Microsoft Announces Silverlight Streaming and More at MIX07
At its MIX07 developer and designer conference in Las Vegas today, Microsoft made several key announcements--including the availability of Silverlight 1.0 beta, the Silverlight 1.1 alpha, and Silverlight Streaming--as well as revealing more about the plugin’s architecture and features. And while the keynote featuring chief software architect Ray Ozzie and developer division manager Scott Guthrie was long on detailed discussions of .NET, dynamic language, and other developer-centric topics, the two-and-a-half hour presentation included demonstrations from CBS Television Stations, MLB.com, and Netflix demonstrating just how powerful Silverlight is as a tool for delivering rich video experiences online.
After a brief video demo of Silverlight’s capabilities that elicited the kind of enthusiasm more commonly associated with Macworld, Ozzie gave a high-level overview of the developments and trends that pushed Microsoft to develop a cross-platform, cross-browser tool for delivering video and rich interactive applications. Too often, Ozzie said, technology is presented as an either/or proposition. "It’s not just web vs. PC, or PC vs. phone, or software vs. services, or consumer vs. IT," Ozzie said. "The best solutions are integrated solutions." Silverlight, he said, is an example of a technology that offers the best of both software and a services-based approach, and Microsoft announced that it is integrating the .NET framework into Silverlight.
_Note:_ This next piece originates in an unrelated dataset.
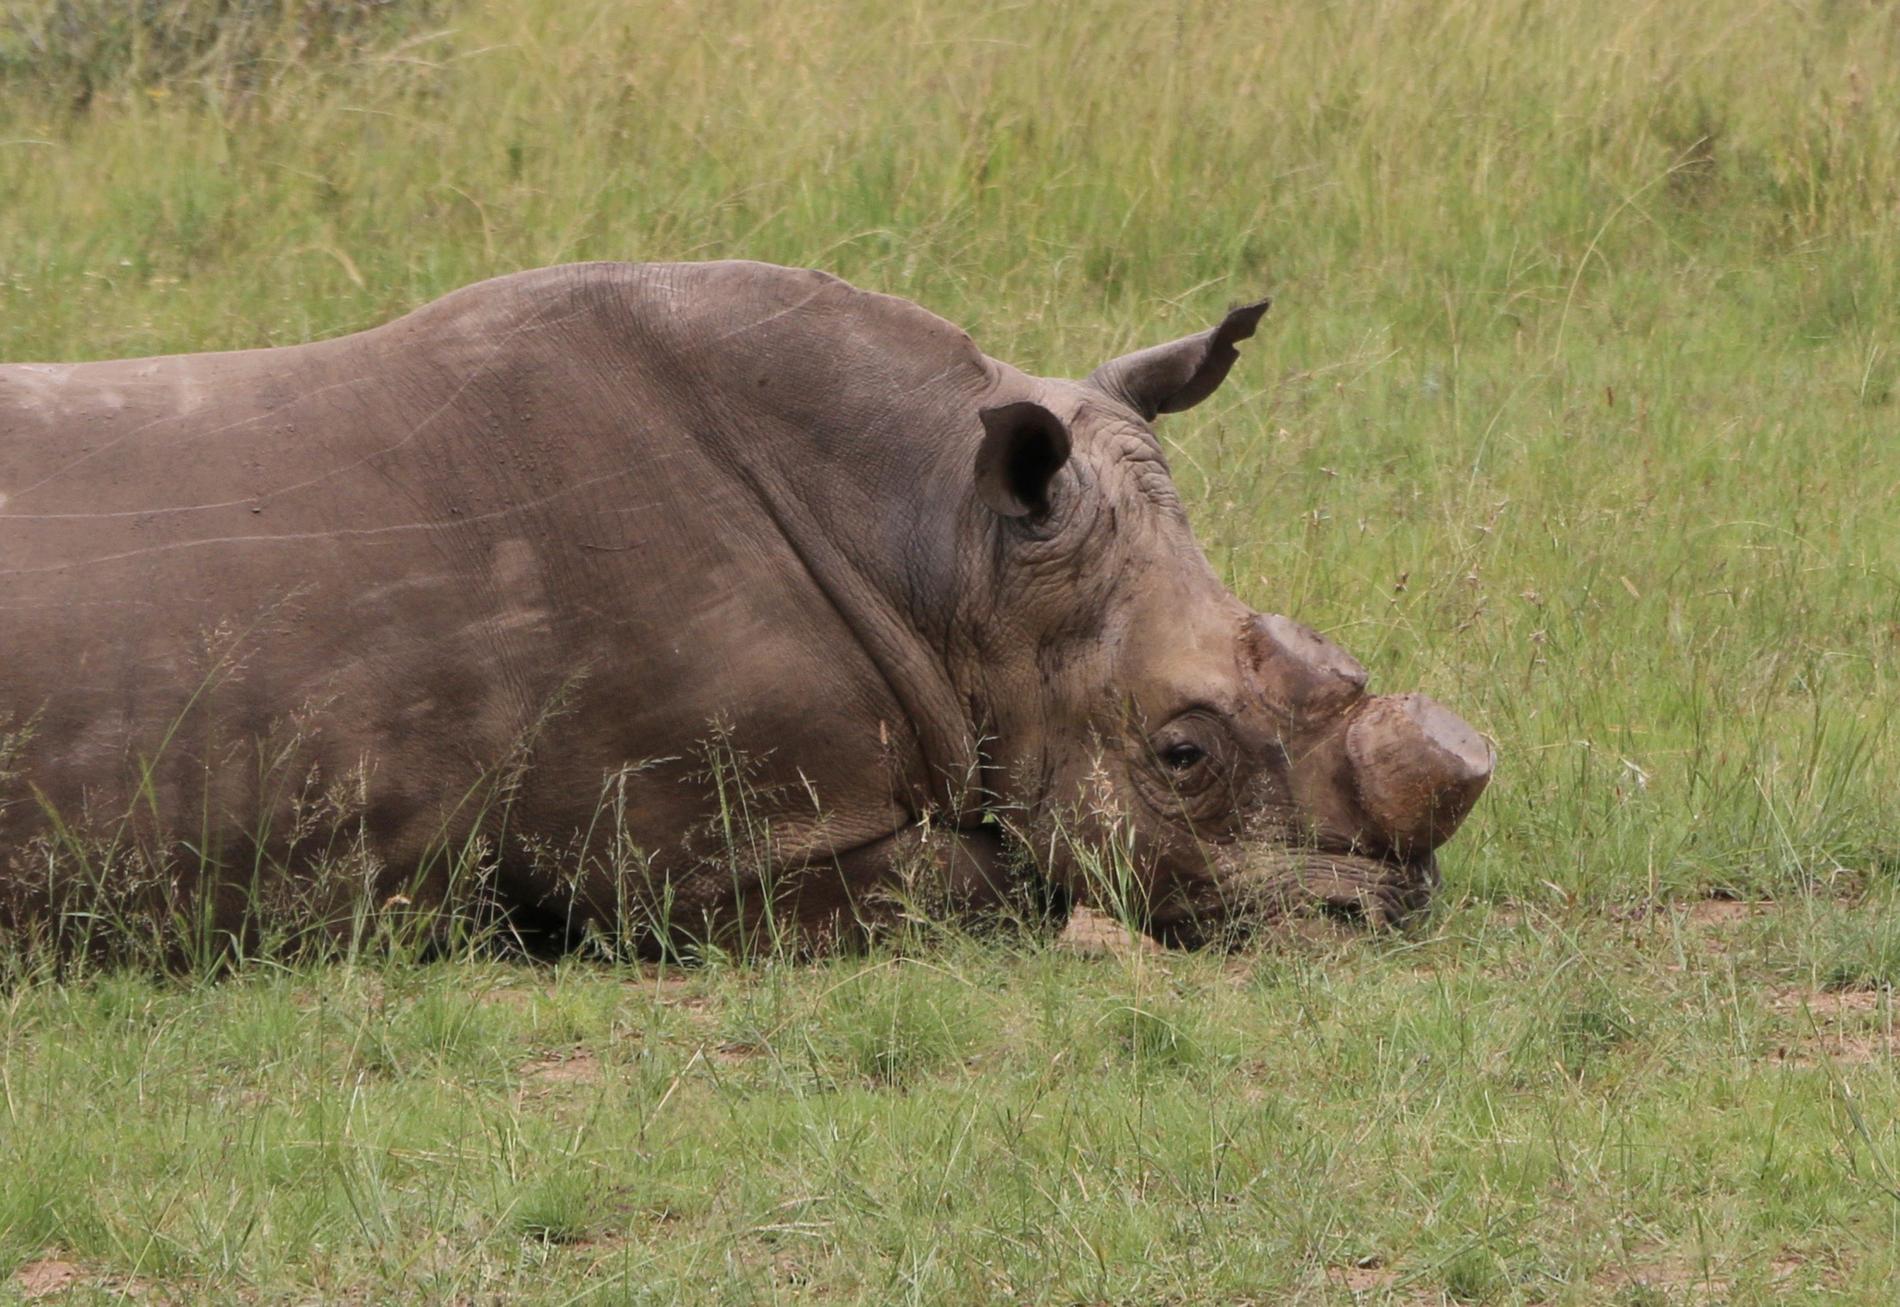 Fler än 1 000 noshörningar dödas i Sydafrika varje år. Arkivbild.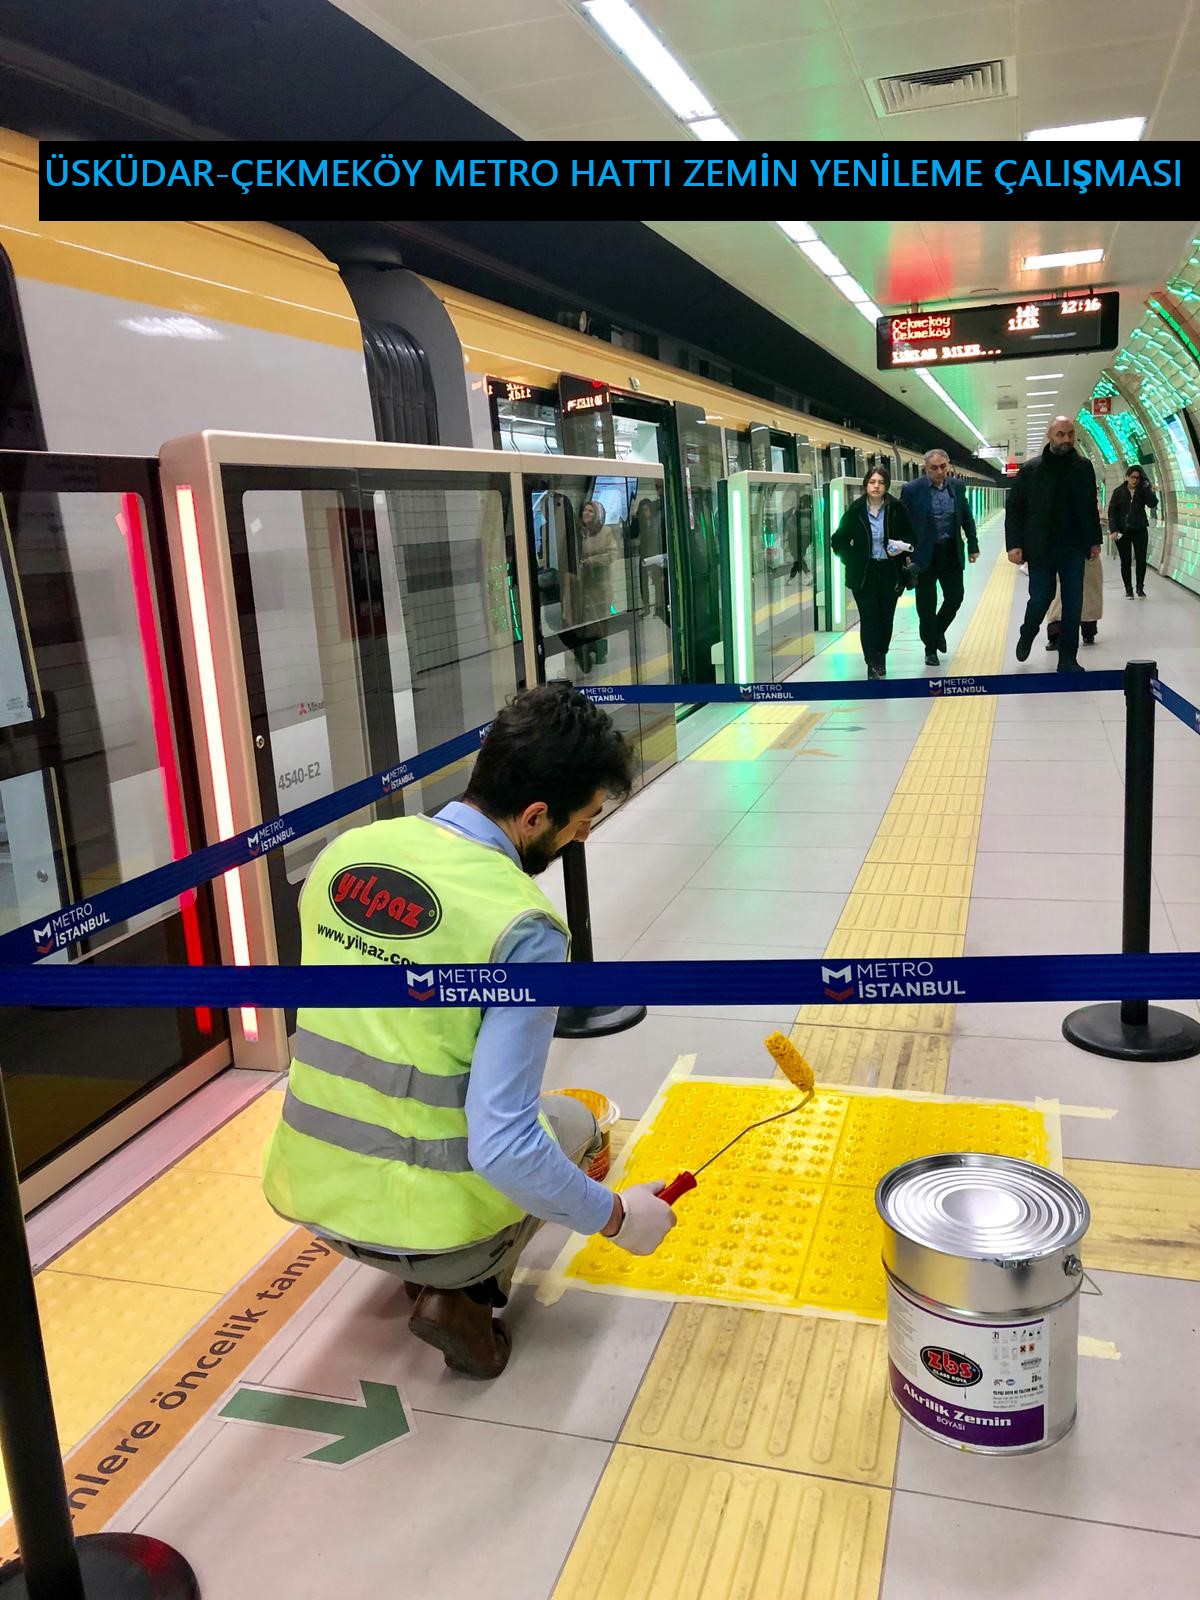 (M5) Üsküdar-Çekmeköy Metro Hattı Peronlarının Zeminlerinde ZBS ile İyileştirme uygulaması

Ozzie even went so far as to redefine "software as a service" (SAAS) as "software and a service." "Even SAAS providers have found the need to expand offerings to include an offline edition," he said. "SAAS 1 meant the web; SAAS 2 has come to embrace the unique value of the client as well."
Silverlight Streaming
So, in addition to the Silverlight plugin itself, which can be utilized with any web server, Microsoft is offering Silverlight Streaming by Windows Live, a cloud-based hosting and streaming solution for delivering both media assets and applications. Silverlight Streaming will host up to 4GB of video (with no single clip to exceed 10 minutes) or other content for free while still in beta; at the end of the beta program, developers can continue to host and stream content and apps using a free, ad-supported model, or can instead opt for an ad-free subscription services. Microsoft has not yet announced the terms of the subscription version of Silverlight Streaming.
Silverlight Streaming supports only VC-1 and other Windows Media formats, with a peak streaming bitrate of 700Kbps. As Microsoft makes clear in its Silverlight FAQ, the service is not designed to compete with commercial CDNs that offer much more robust delivery capabilities.
Expression Studio
Silverlight is also tightly integrated into Microsoft’s Expression Studio, which also shipped today. Wayne Smith, group product manager of Microsoft’s developer division, demonstrated how a developer or content publisher can take video from Expression Media Encoder into Expression Design, then combine it with interactive graphic elements in Expression Blend, and finally deploy it on a standards-based site using Expression Web.
The roundtripping capabilities between those apps (achieved by exporting into XAML, in most cases) were impressive, but it’s Expression Media Encoder that will likely capture most of the Streaming Media readership’s attention. The Encoder is a robust transcoding tool that also offers limited editing and modification capability using filters and overlays. But it’s most dazzling feature was its preview function.
"You don’t want to wait until the encode is finished to see how your video is going to look and all the things you’re going to lose when you degrade the quality," Smith said to more than a few audience cheers. And so he demonstrated the tool’s preview function, which allows users to look at a sample of the degraded video side-by-side (or top-to-bottom) with the original video by splitting the frame down or across the middle, with the original video on one side and the preview video on the other.